American publishing executive

Madeline McIntosh is an American book publishing executive. She served as the chief executive officer of Penguin Random House U.S. from 2018 to 2023, and in 2024 co-founded the independent publisher Authors Equity. She also serves on the board of directors of Simon & Schuster and as president of the board of Poets & Writers.

== Early career ==
McIntosh studied fine arts at Harvard University and later completed the Radcliffe Publishing Course. She began her career as a temporary assistant to an editor at HarperCollins before moving to W. W. Norton. In 1994, she joined Bantam Doubleday Dell, a division of Bertelsmann, working in its new-media department and setting up the publisher's first account with Amazon.

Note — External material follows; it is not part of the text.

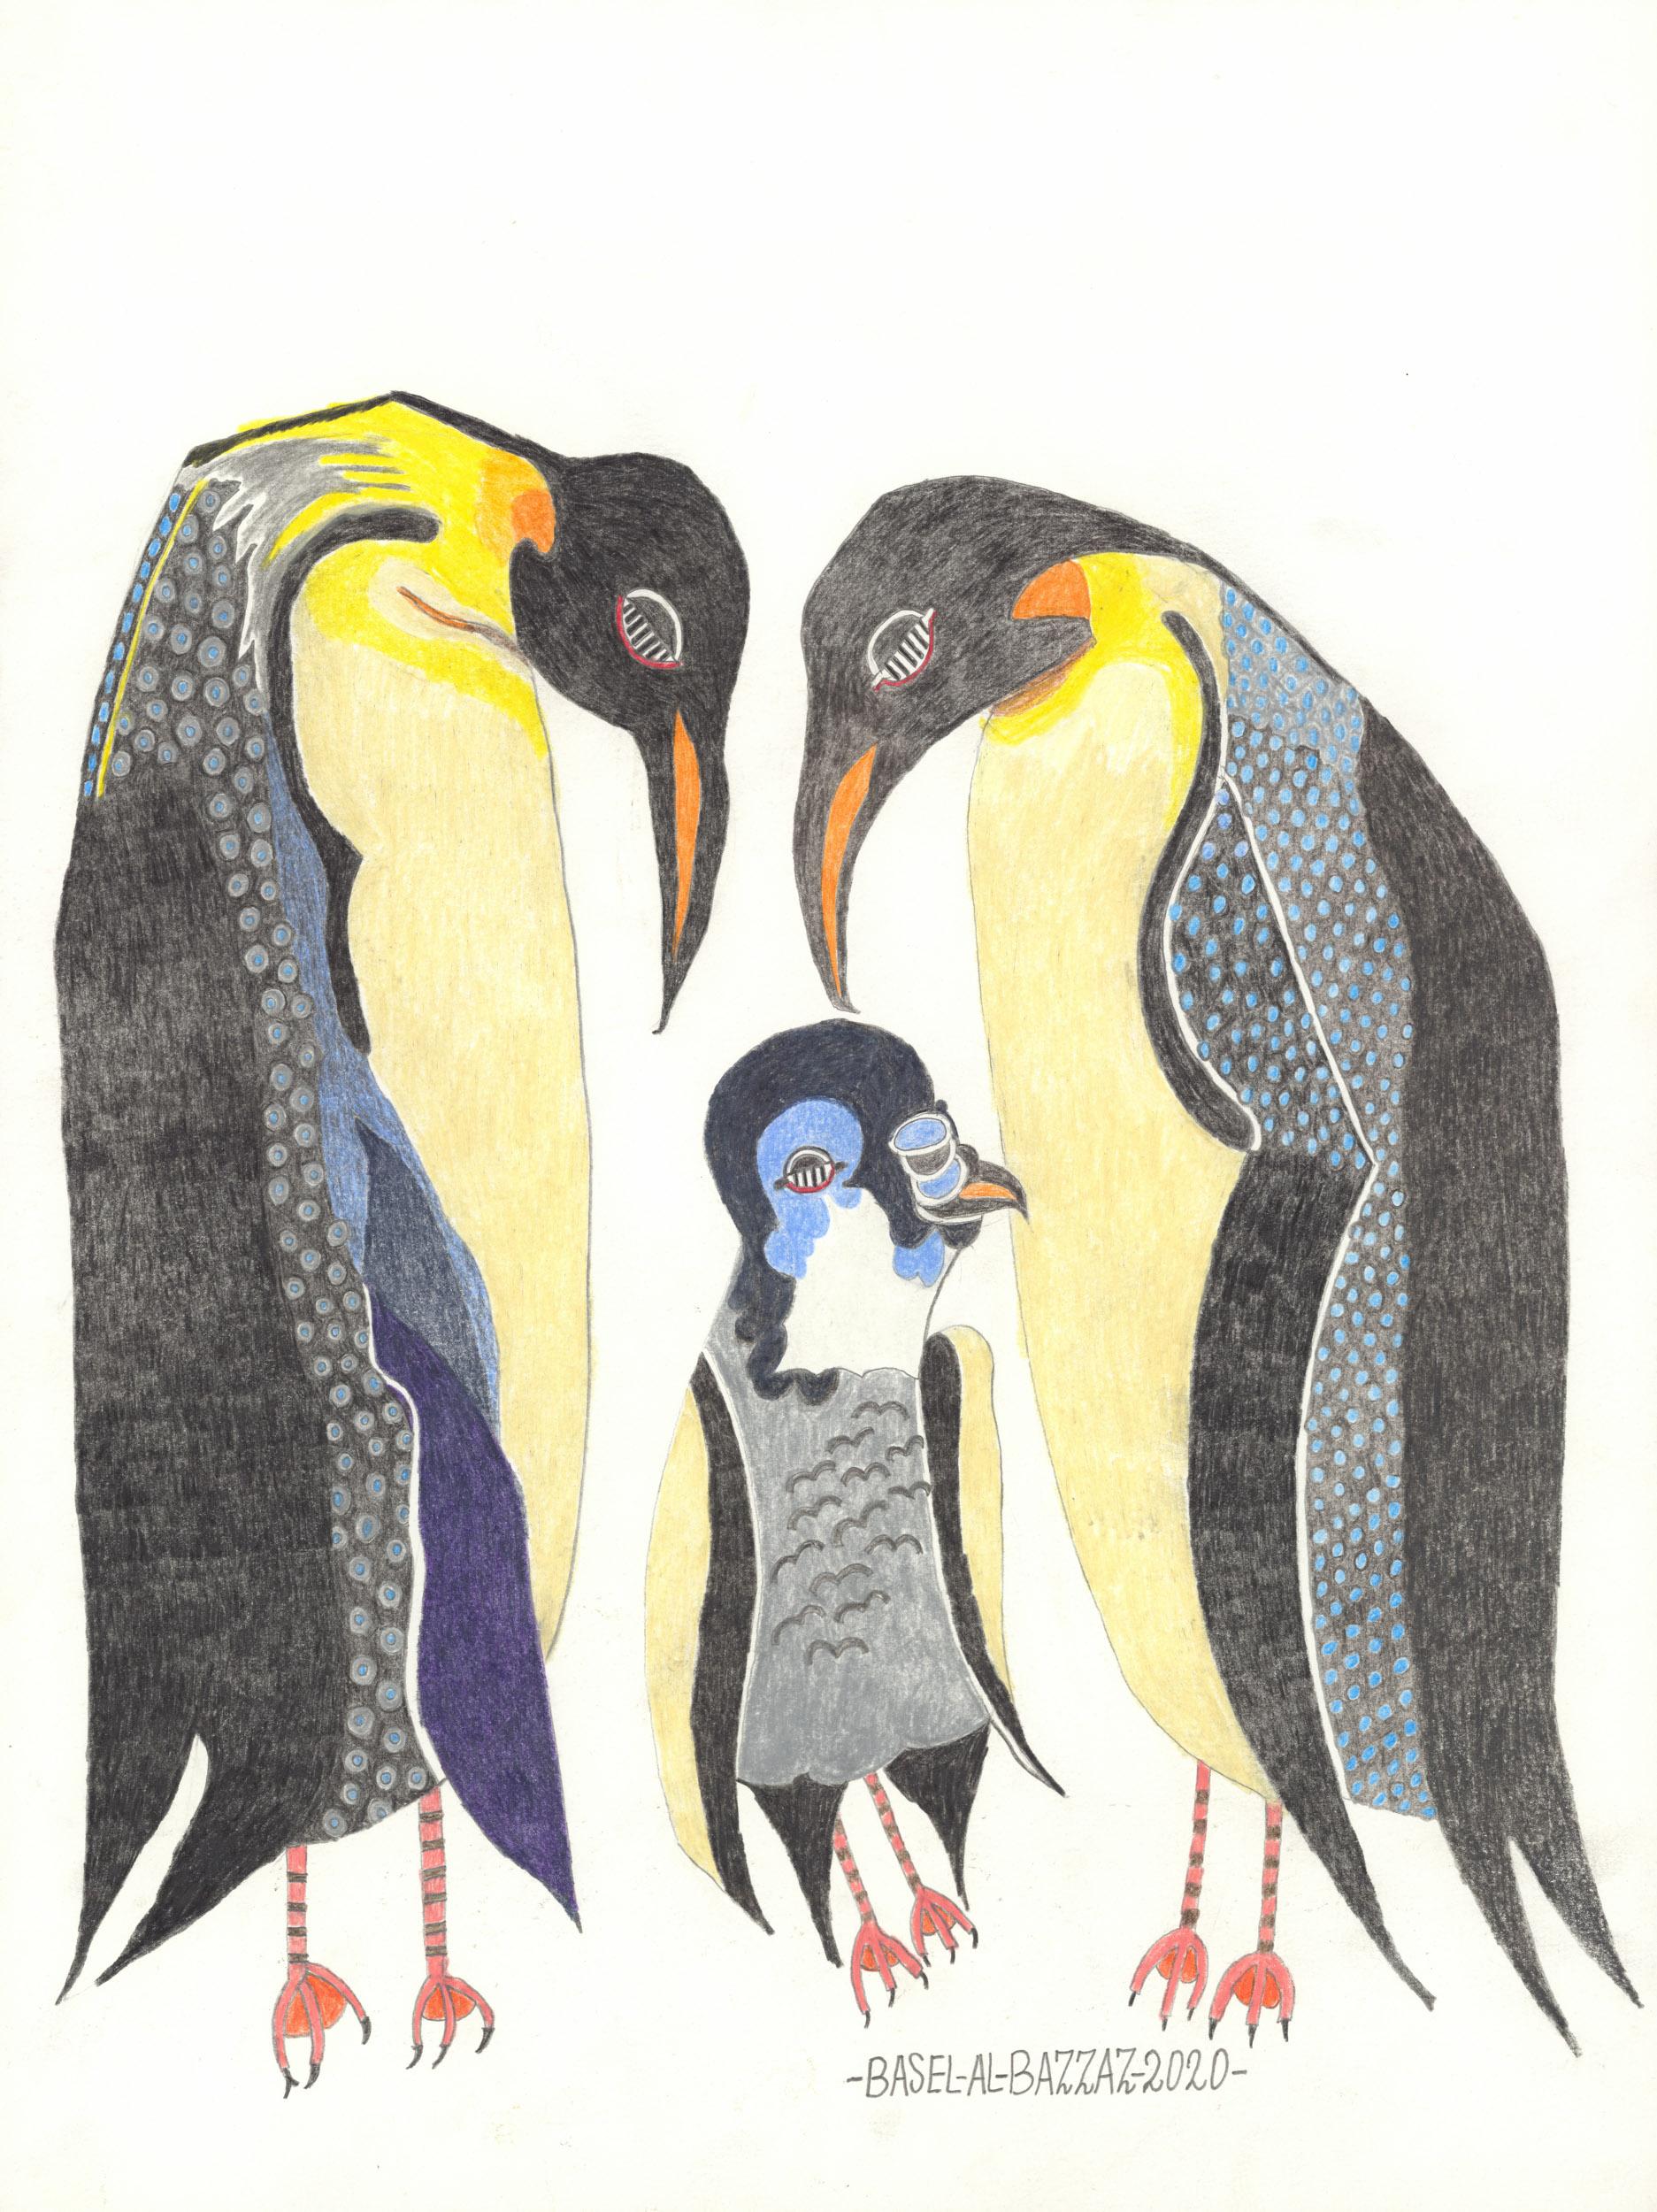 al-bazzaz basel - Pinguin Familie / Penguin family
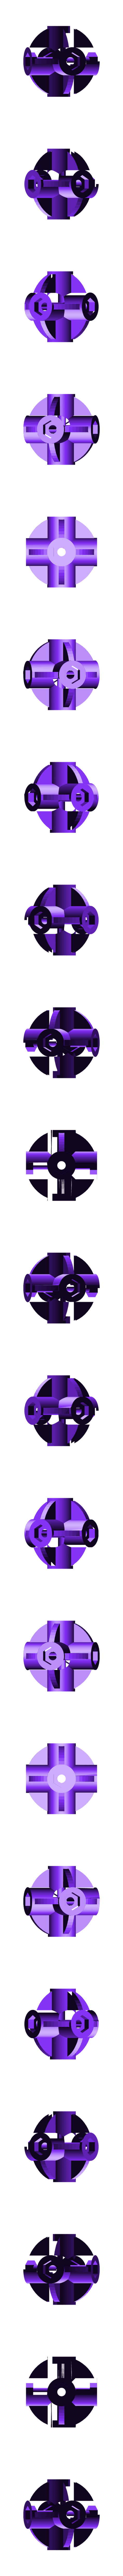 Core_remix.stl Download free STL file Rubik's Cube Remixed • 3D printable design, lowboydrvr

She later led adult sales for Random House and ran Random House Audio. In 2008 she left to join Amazon in Luxembourg as director of content for the international rollout of the Kindle e-reader, returning to Random House about a year and a half later as president of sales, operations, and digital.

== Penguin Random House ==
Following the 2013 merger of Penguin and Random House, McIntosh was named chief executive of the combined company's U.S. business in 2018. Under her leadership, Penguin Random House expanded its data-driven marketing, invested in warehouse infrastructure, and acquired a 45 percent stake in the independent publisher Sourcebooks.

McIntosh announced her resignation in January 2023, weeks after global CEO Markus Dohle also departed.

== Authors Equity ==
In 2024, McIntosh launched Authors Equity with co-founders Don Weisberg, former CEO of Macmillan Publishers, and Nina von Moltke, former president of strategic development at Penguin Random House. The company offers no advances but pays authors a majority share of each book's profits, with a lean staff supplemented by freelance editors, publicists, and marketers. The Hollywood Reporter compared the arrangement as similar to some in the indie film industry. Early investors include authors James Clear, Tim Ferriss, and Louise Penny. Distribution is handled by Simon & Schuster.

== Other roles ==
In December 2023, McIntosh was named an independent director on the newly formed board of Simon & Schuster, following the publisher's acquisition by private equity firm KKR. She is also president of the board of directors of the literary nonprofit Poets & Writers.

== Recognition ==
McIntosh was named to the Forbes "50 Over 50: Vision" list in 2021.